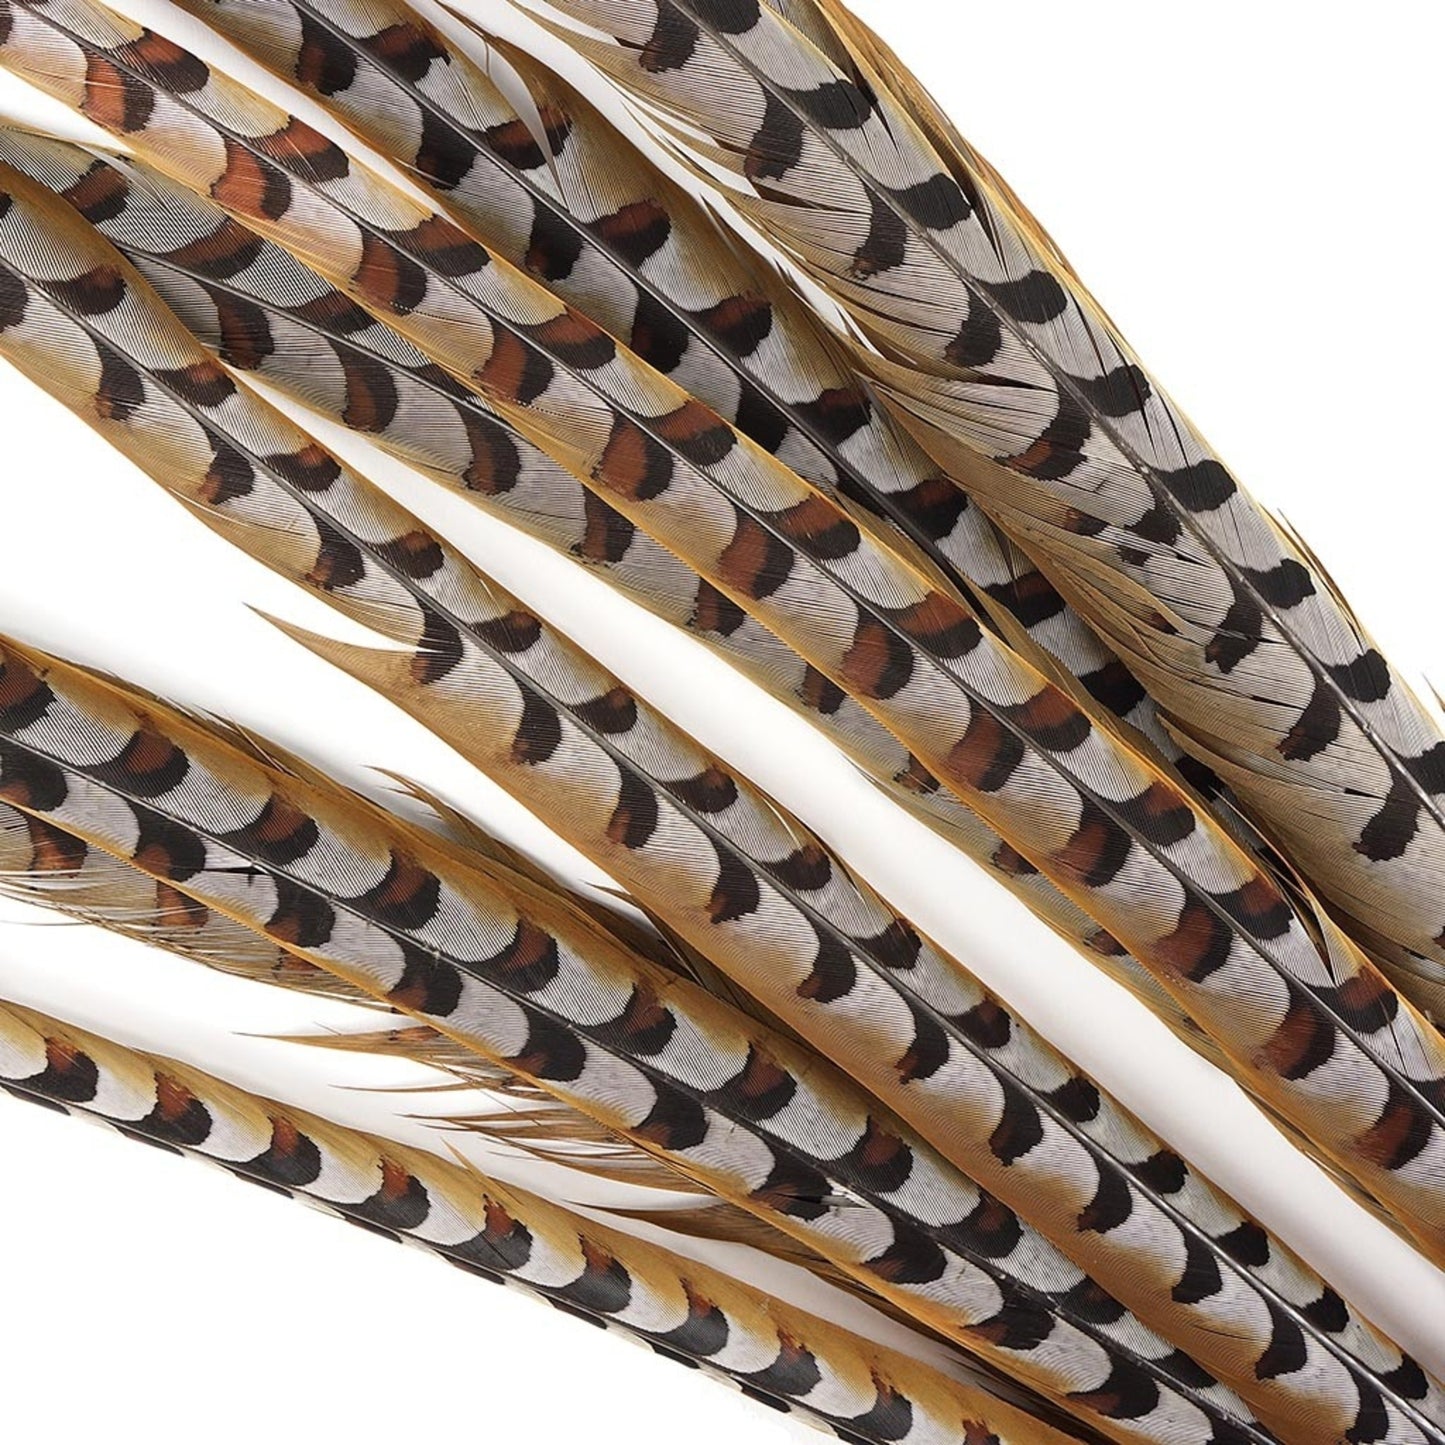 Reeves Pheasant Tails 4-60"
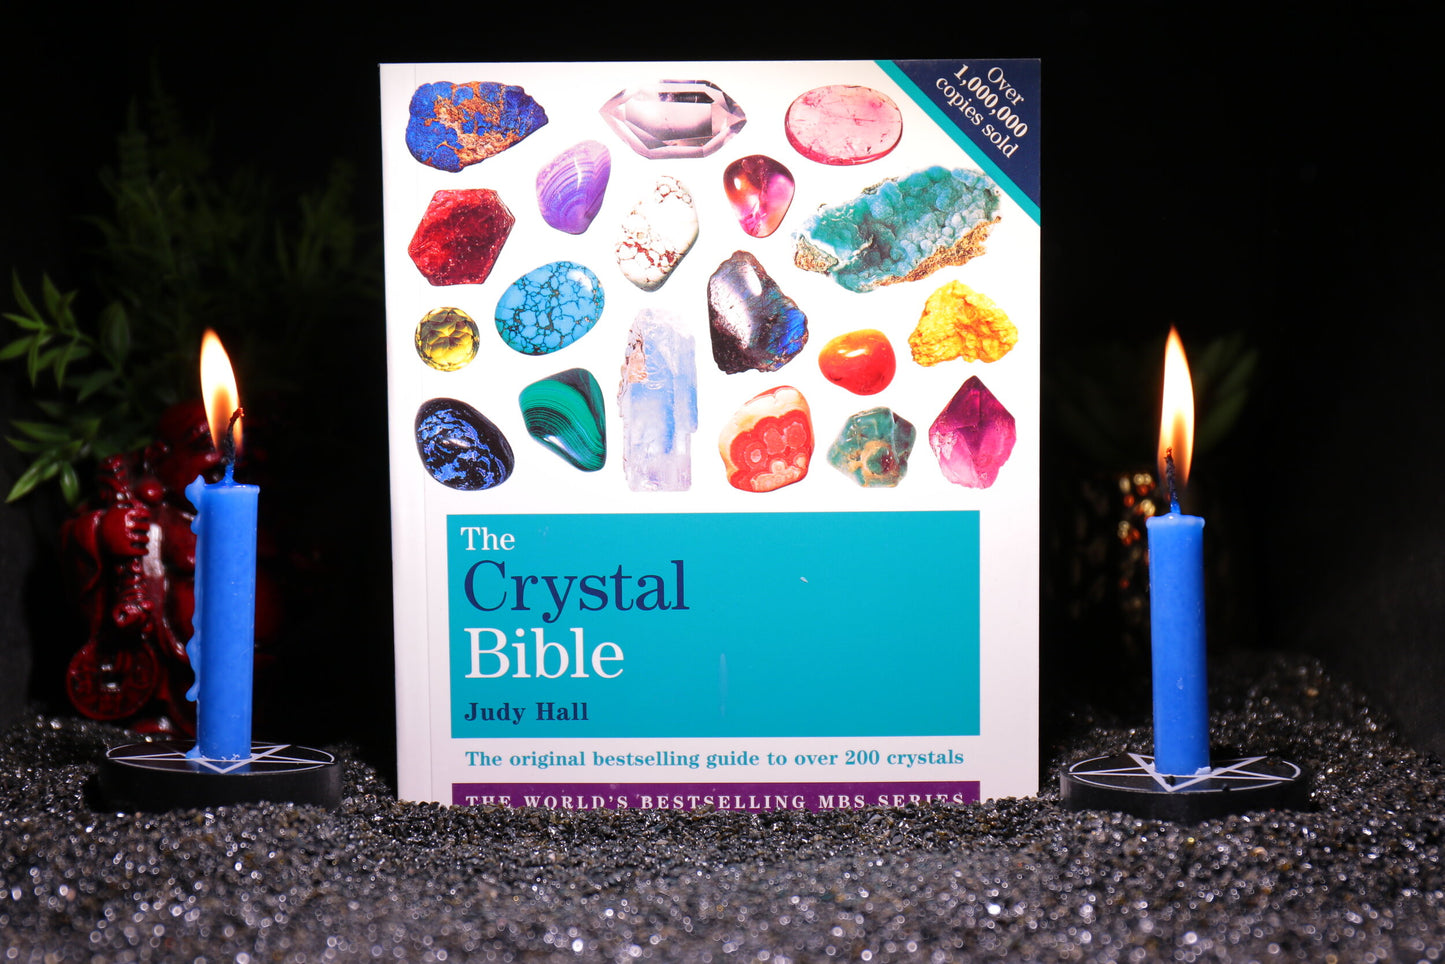 The Crystal Bible: The definitive guide to over 200 crystals
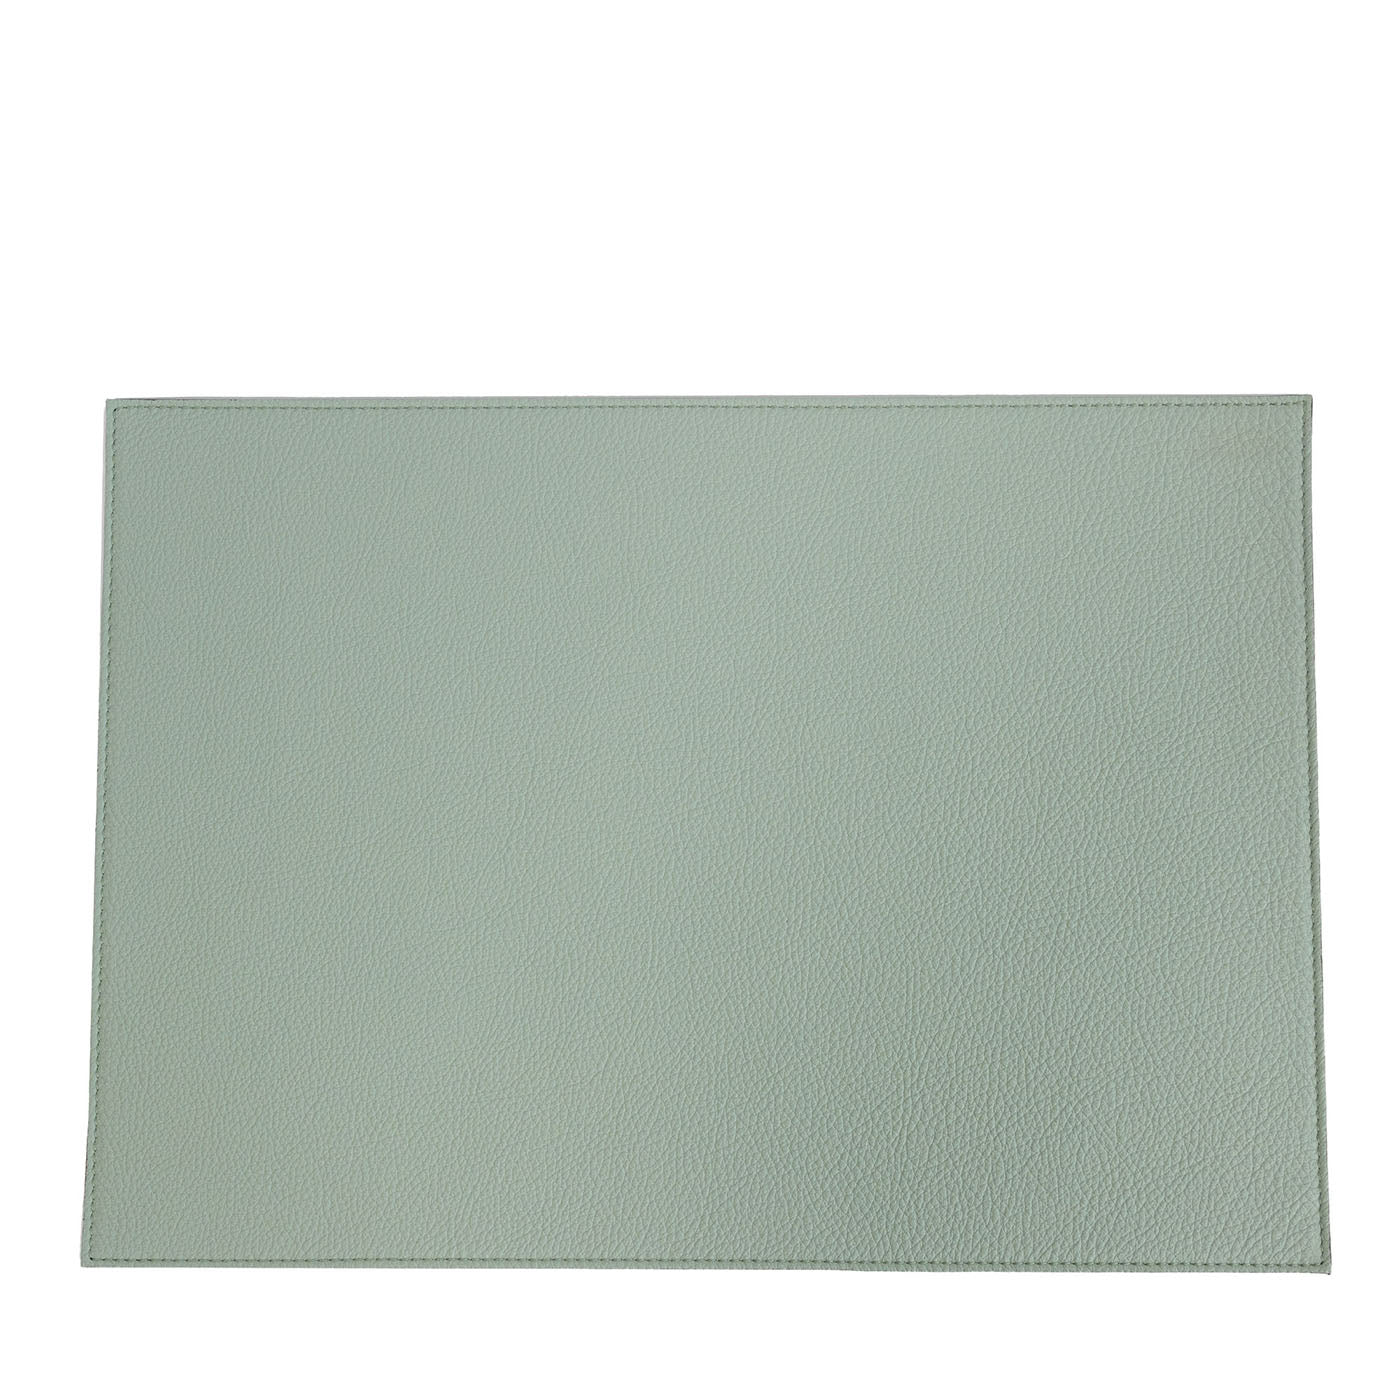 Soft Suite Smeralda Green Set of 2 Placemats - Main view
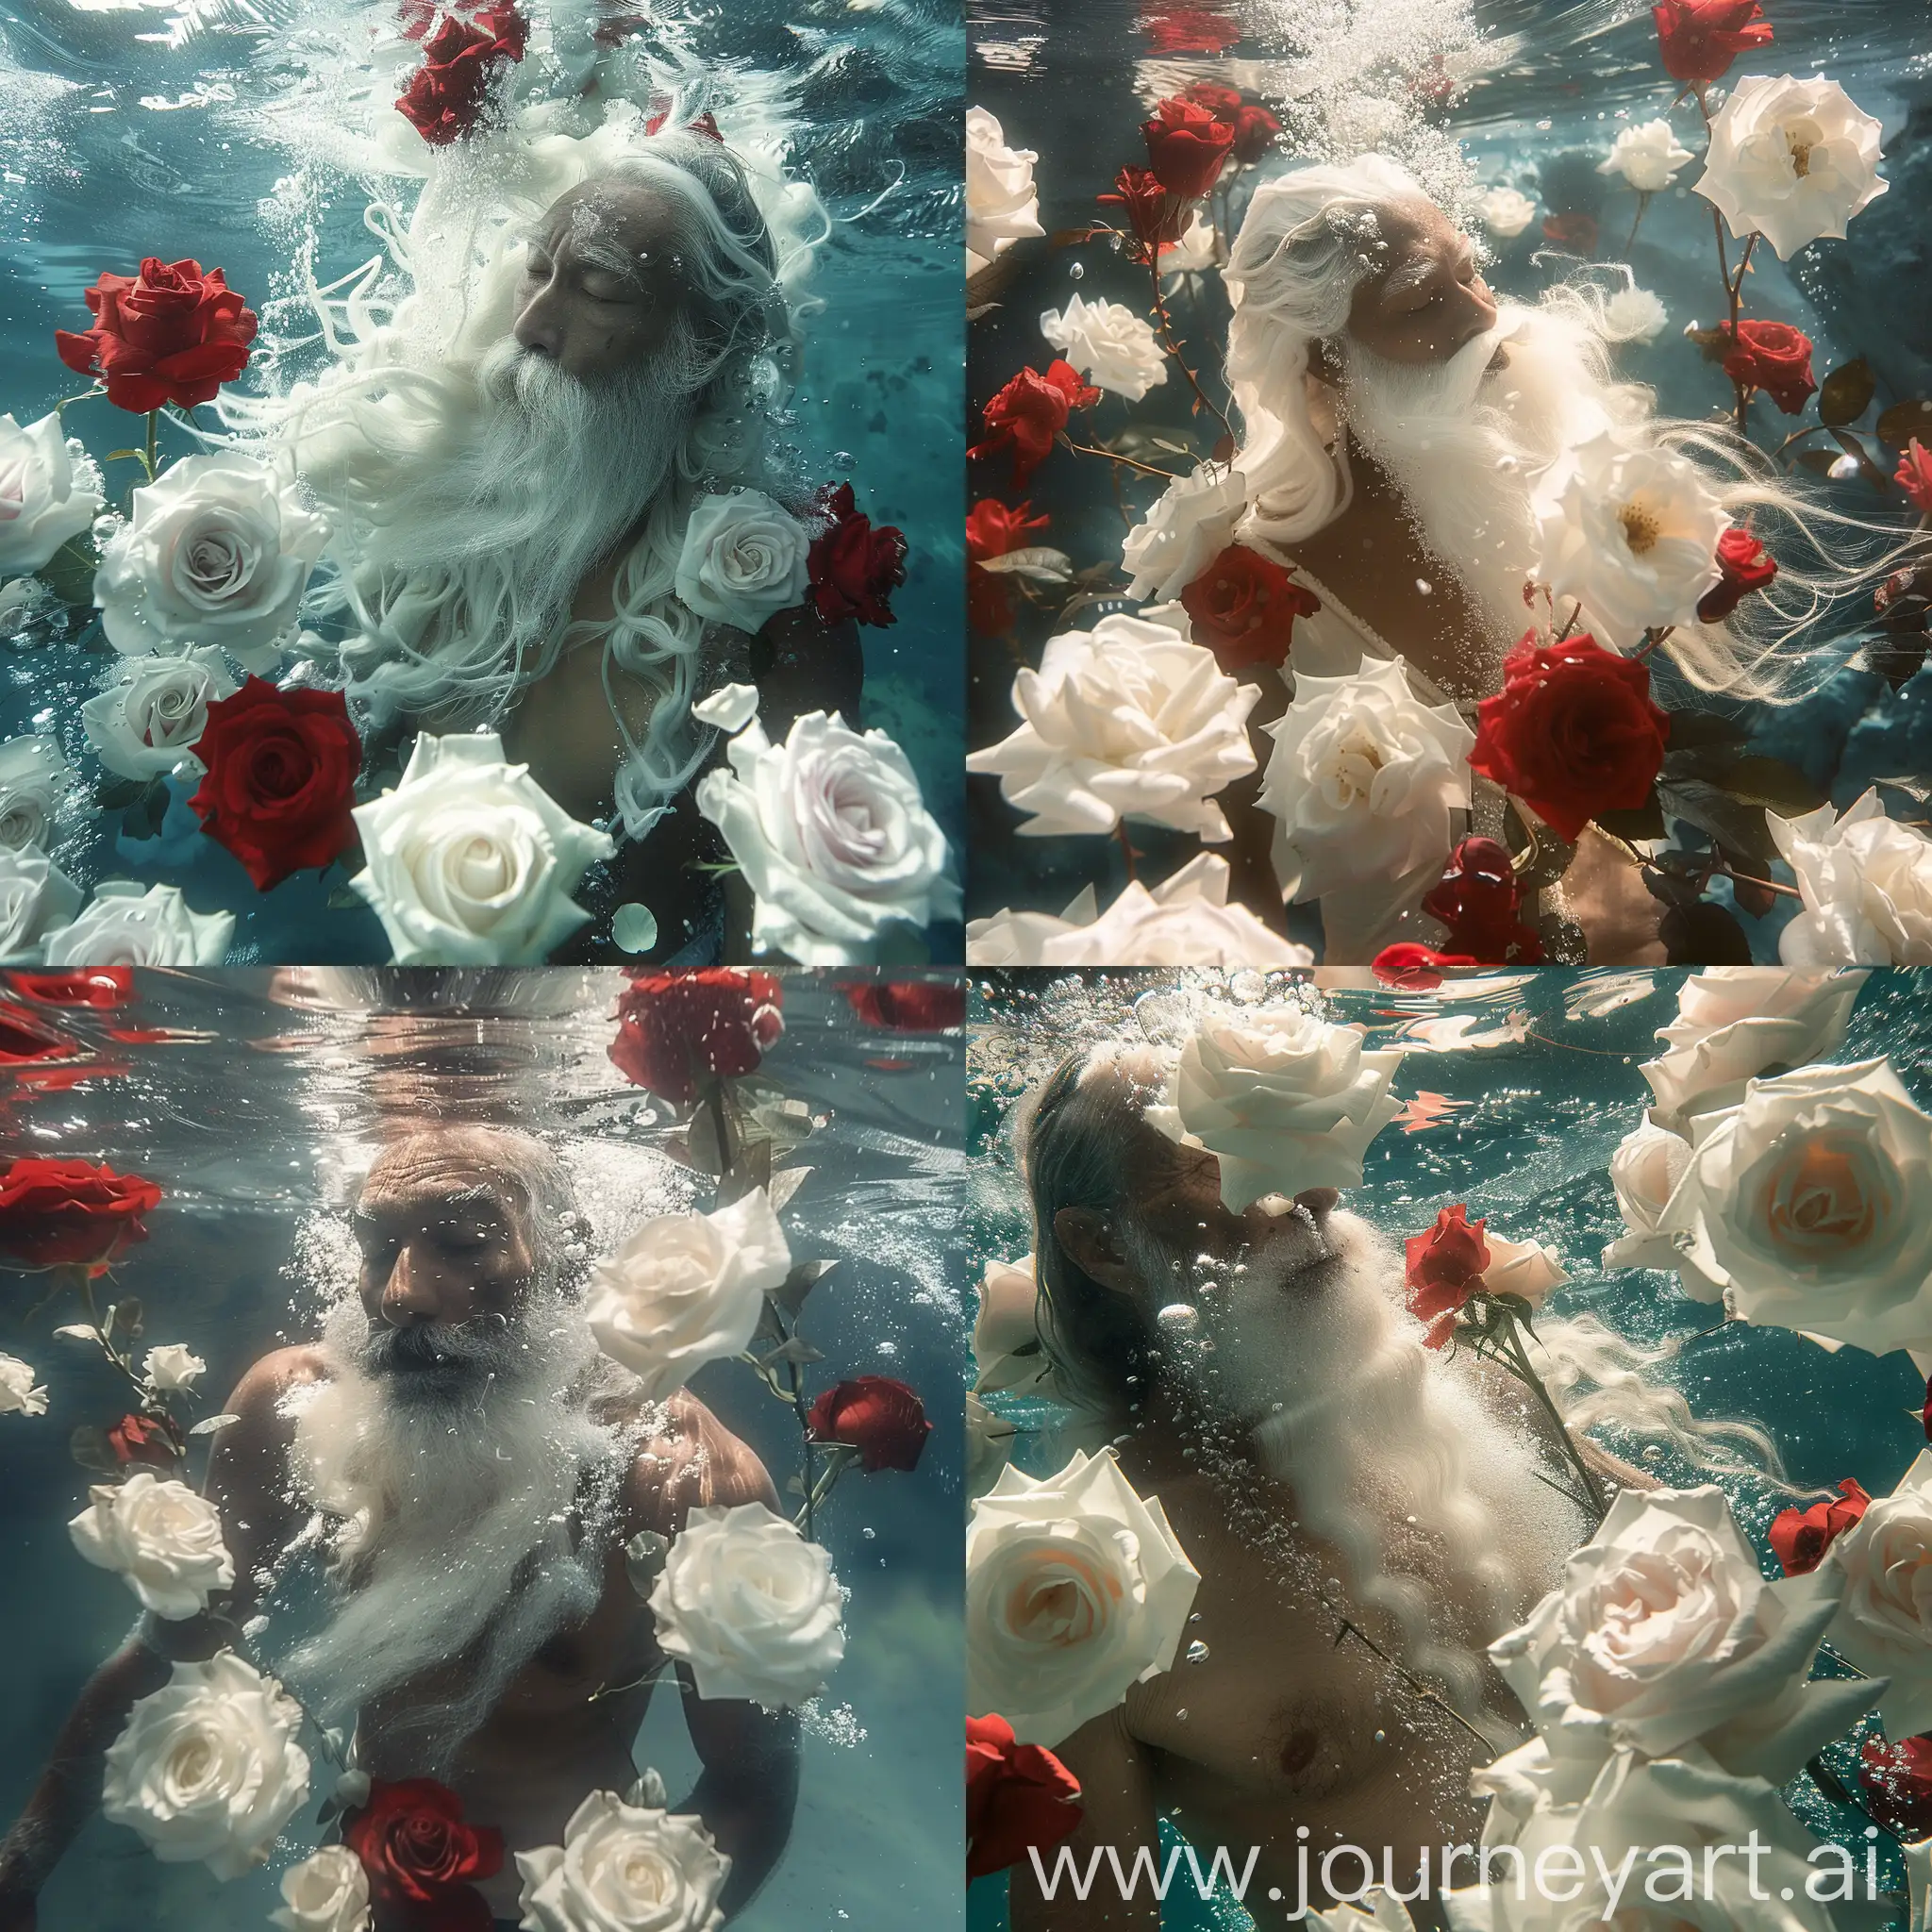 A captivating image of a man with long white beard underwater, white roses and red roses around him underwater.
══════════════════════════════
| Task requirements |
From the line with "Soft Suite Smeralda" through the end of the listing, write out every line exactly, leaving out the pictures.

| Written response |
 Soft Suite Smeralda Green Set of 2 Placemats - Main view
 A captivating image of a man with long white beard underwater, white roses and red roses around him underwater.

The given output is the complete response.